** Task requirements **
Every line from the one holding "Graduation Gifts for" through the one holding "Review of the" in the data below must be returned exactly, both ends included, with pictures left out and nothing else added.

** Available data **
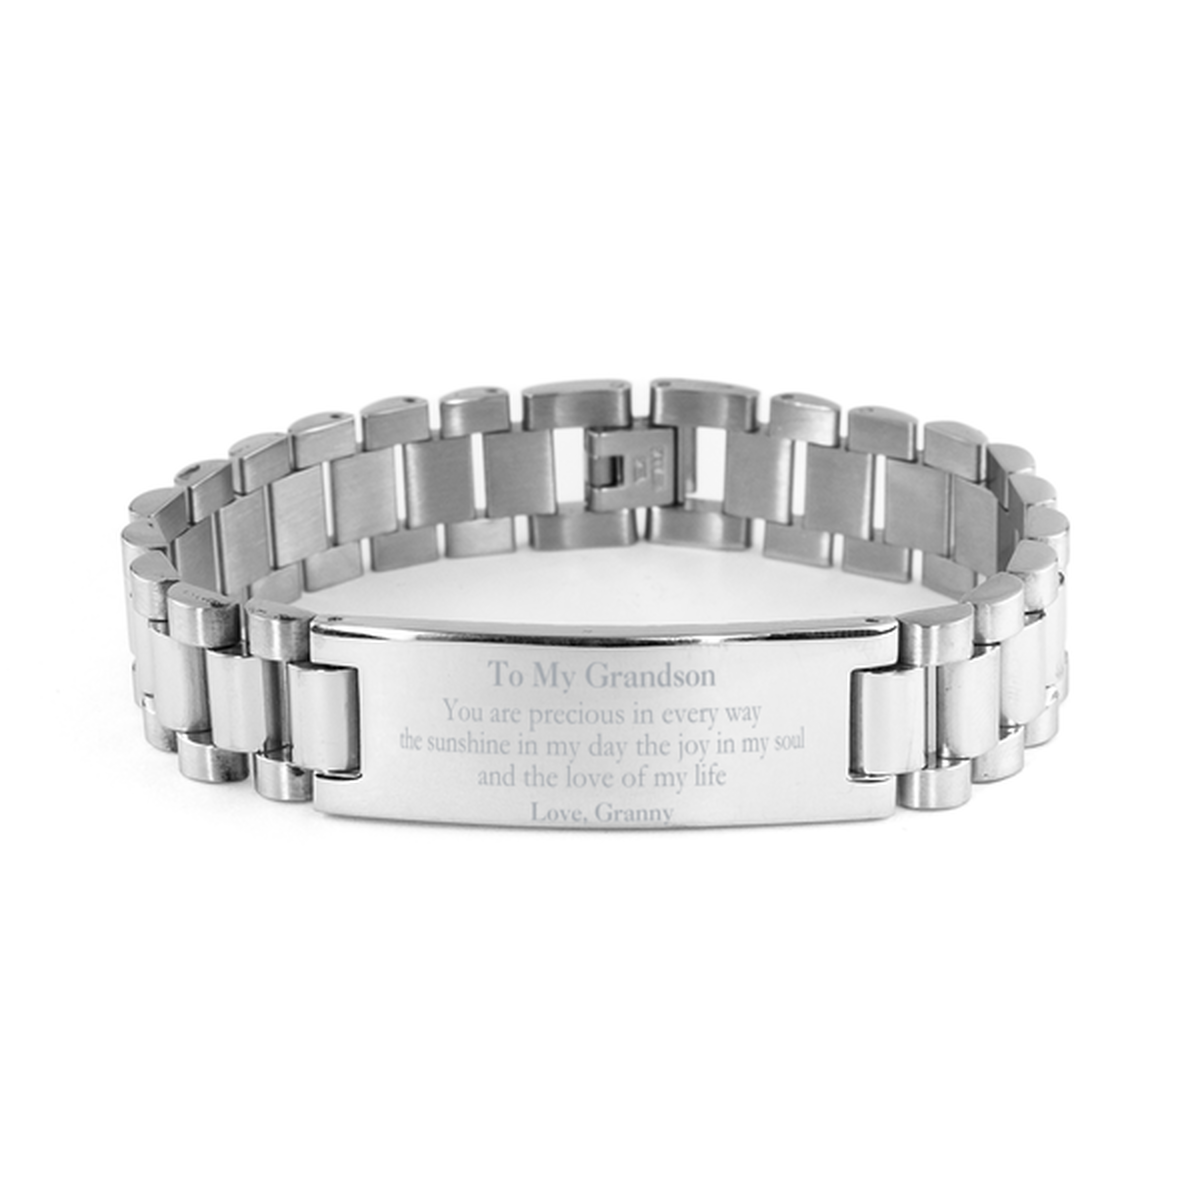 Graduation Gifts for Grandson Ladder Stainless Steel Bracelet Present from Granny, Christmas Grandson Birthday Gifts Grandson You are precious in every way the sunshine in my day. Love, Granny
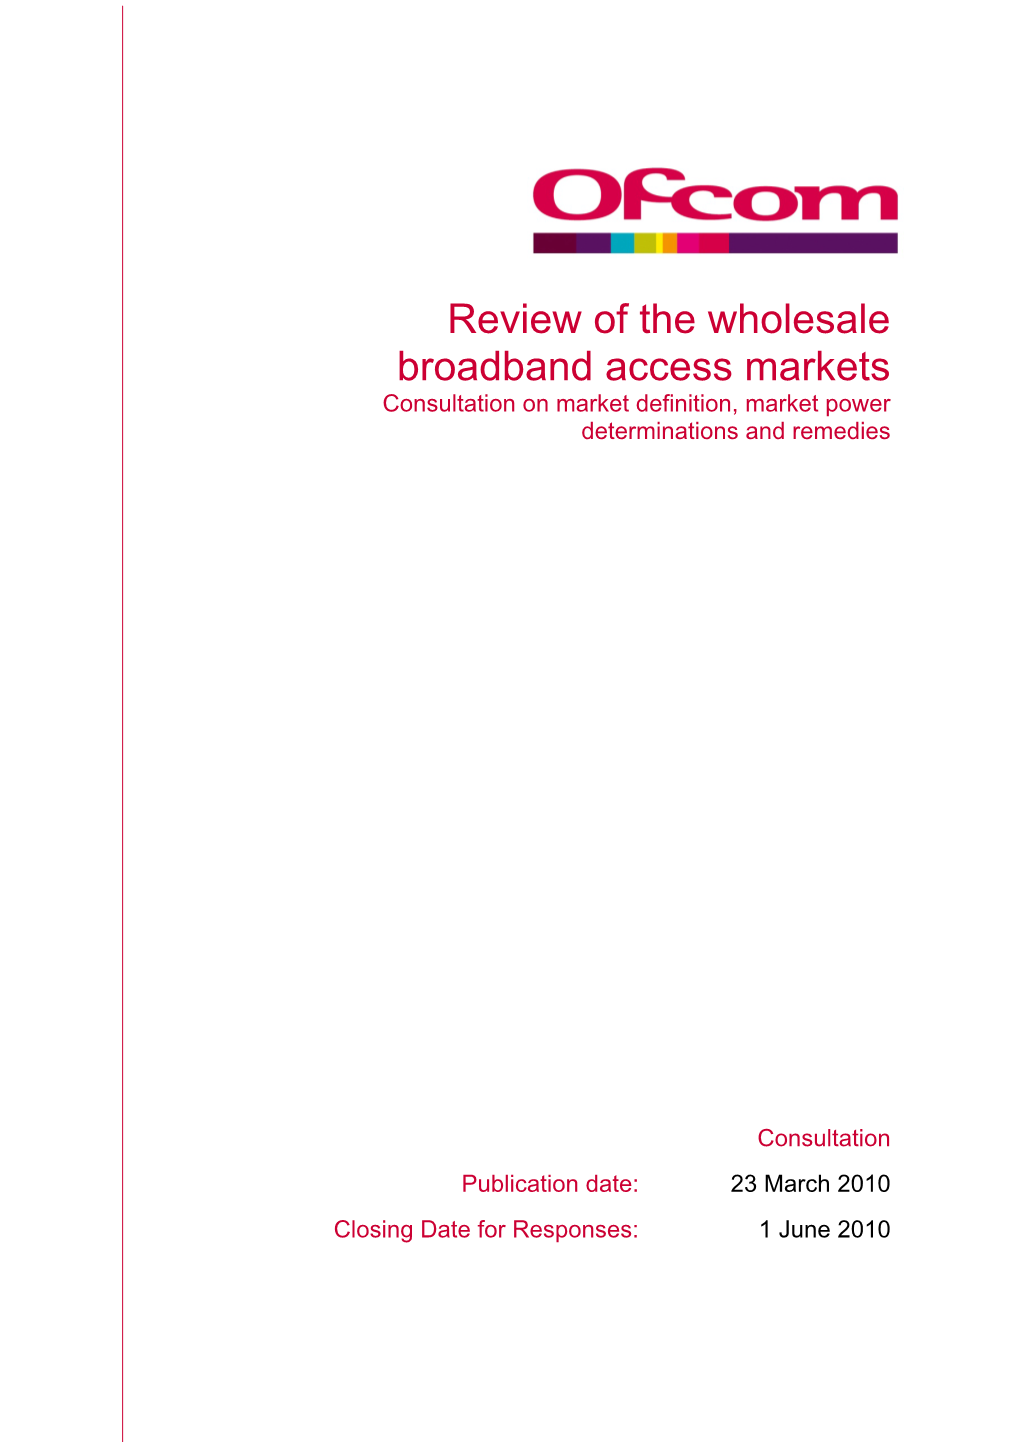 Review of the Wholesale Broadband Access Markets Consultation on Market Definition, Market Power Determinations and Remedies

---

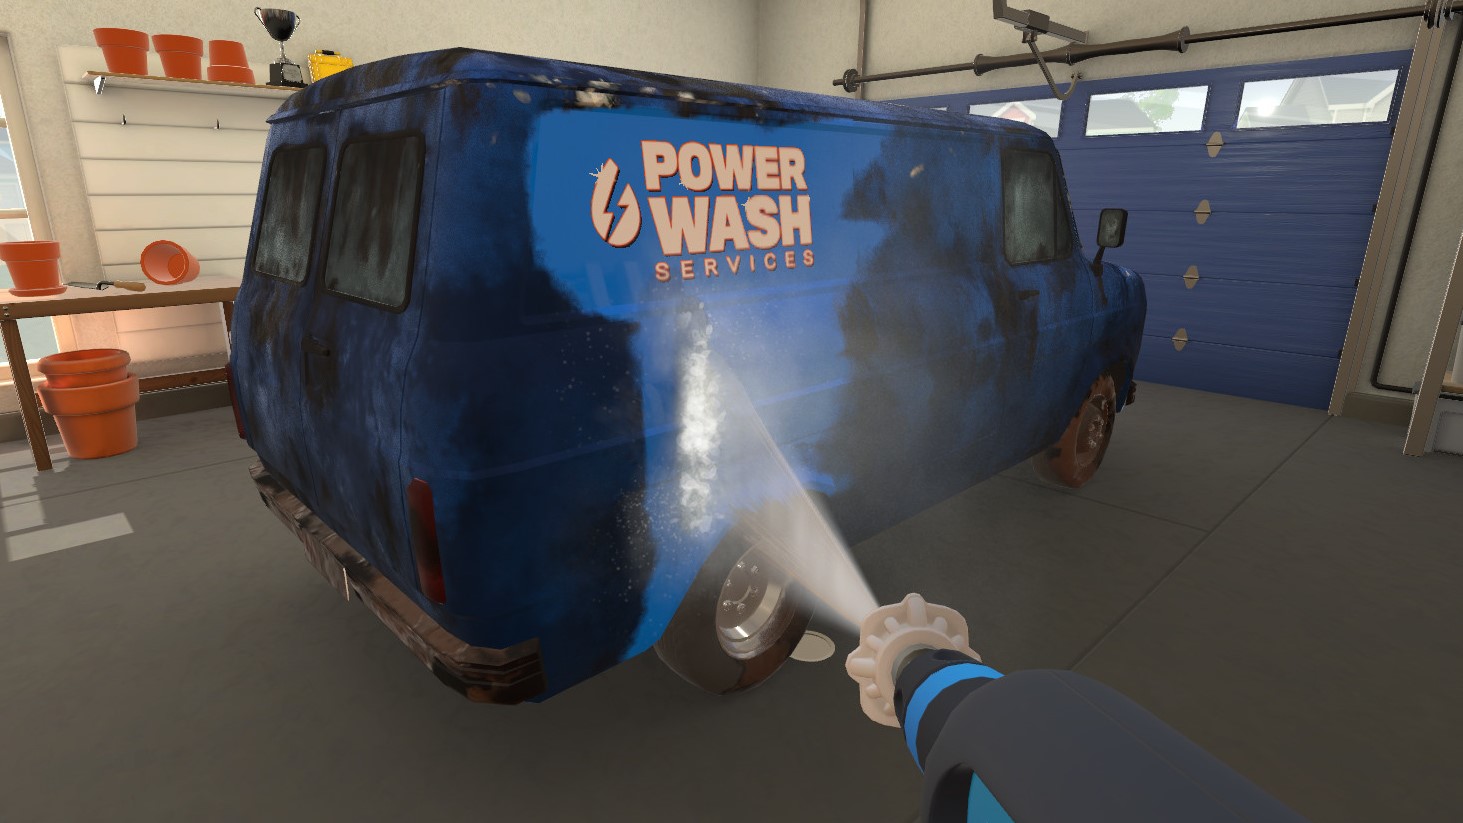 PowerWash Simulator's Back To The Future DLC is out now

** Task answer **
 Graduation Gifts for Grandson Ladder Stainless Steel Bracelet Present from Granny, Christmas Grandson Birthday Gifts Grandson You are precious in every way the sunshine in my day. Love, Granny
 Review of the Wholesale Broadband Access Markets Consultation on Market Definition, Market Power Determinations and Remedies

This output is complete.